4. It makes you curious and full of questions

One of the reasons maximalists collect is because they are filled with a sense of wonder and curiosity. This is true whether they are mesmerized by oddly shaped rocks, old watch faces, colorfully bound books or special items that might make you think twice. Showcase things in your home that evoke a genuine, “Wow!” will amaze you as long as they are within sight.

“Customers almost always comment on how they look everywhere [in my office], there’s something interesting to see and this helps their mind wander,” says licensed therapist Bonnie Scott, LPC, who decorates her space in a clustercore style. She adds that her groups of items and textures are also often great conversation starters for visitors.
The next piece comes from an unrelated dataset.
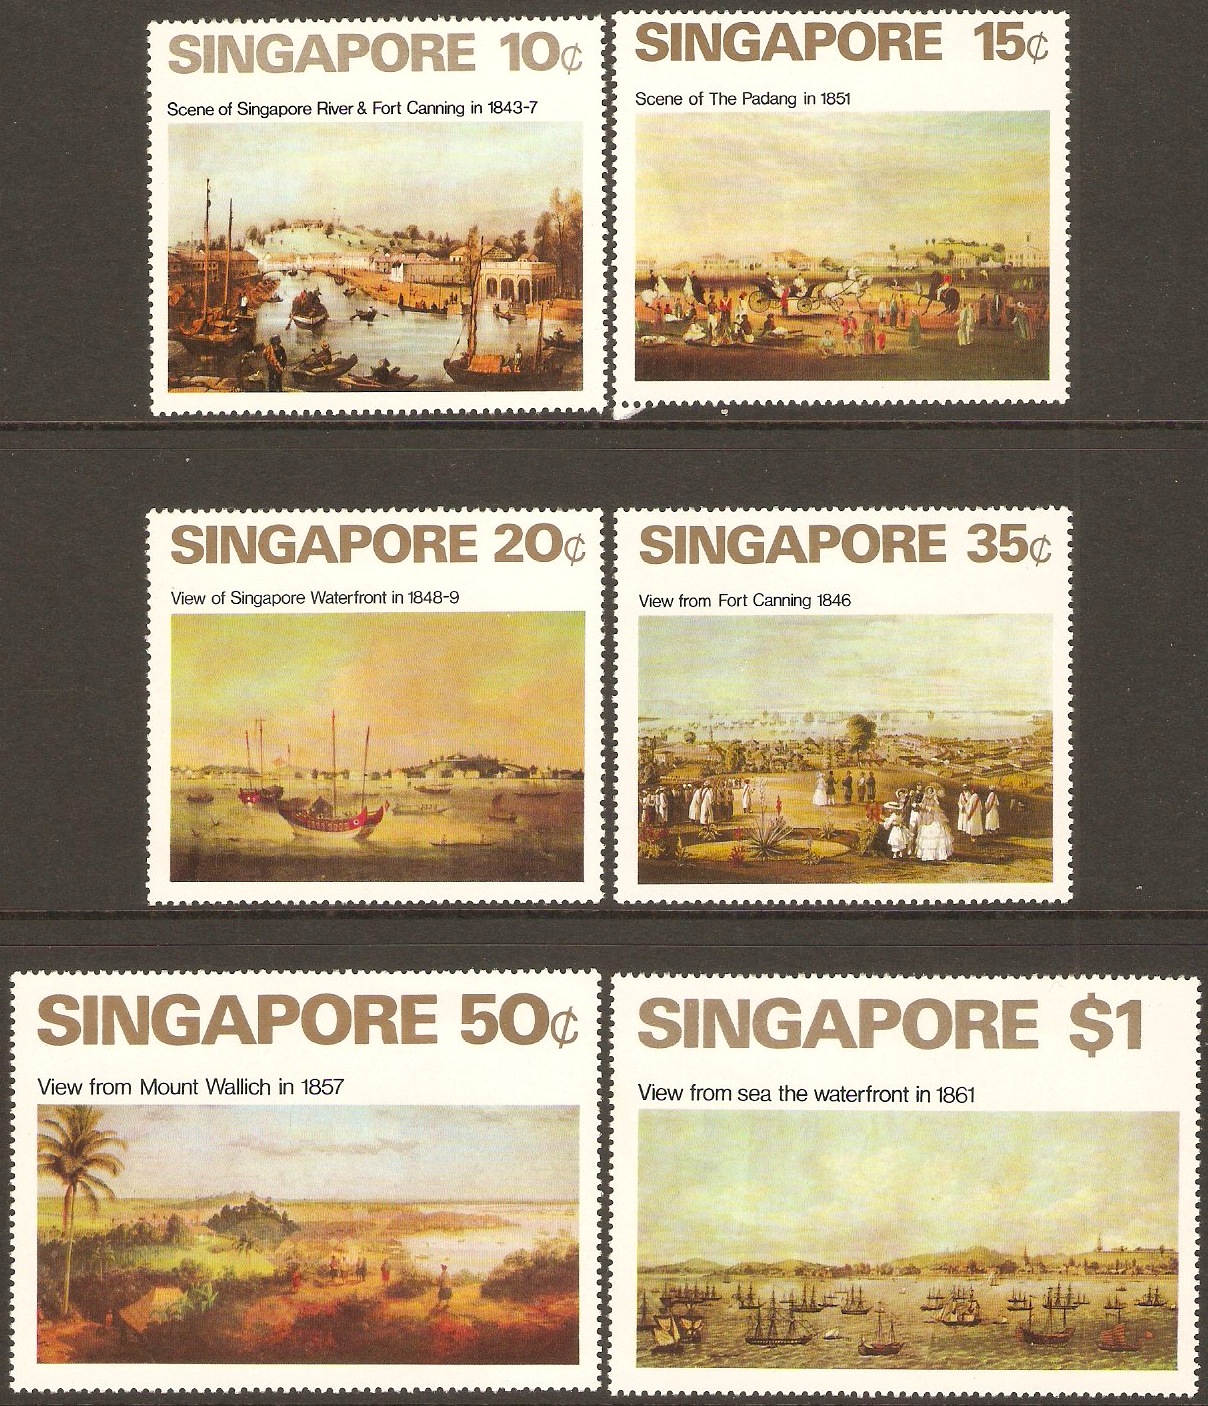 Singapore 1971 Art Stamps Set. SG165-SG170.

5. It allows you to be yourself

At the heart of clustercore is the idea of ​​creating designer clusters, however Friend found suitable. And while giving you the license to express yourself, design trends also have the power to promote creativity and comfort—both of which support moments of happiness and good mental health, says Scott. .

“The carefully curated minimalist space that we consider a long-standing aspiration is great for people who want that style and who are comfortable with it,” says Scott. “But for those who aren’t like us, the pressure to keep that perfect [can be] overwhelming and limited.” Conversely, a style that encourages you to fill your space with items you love can feel incredibly liberating.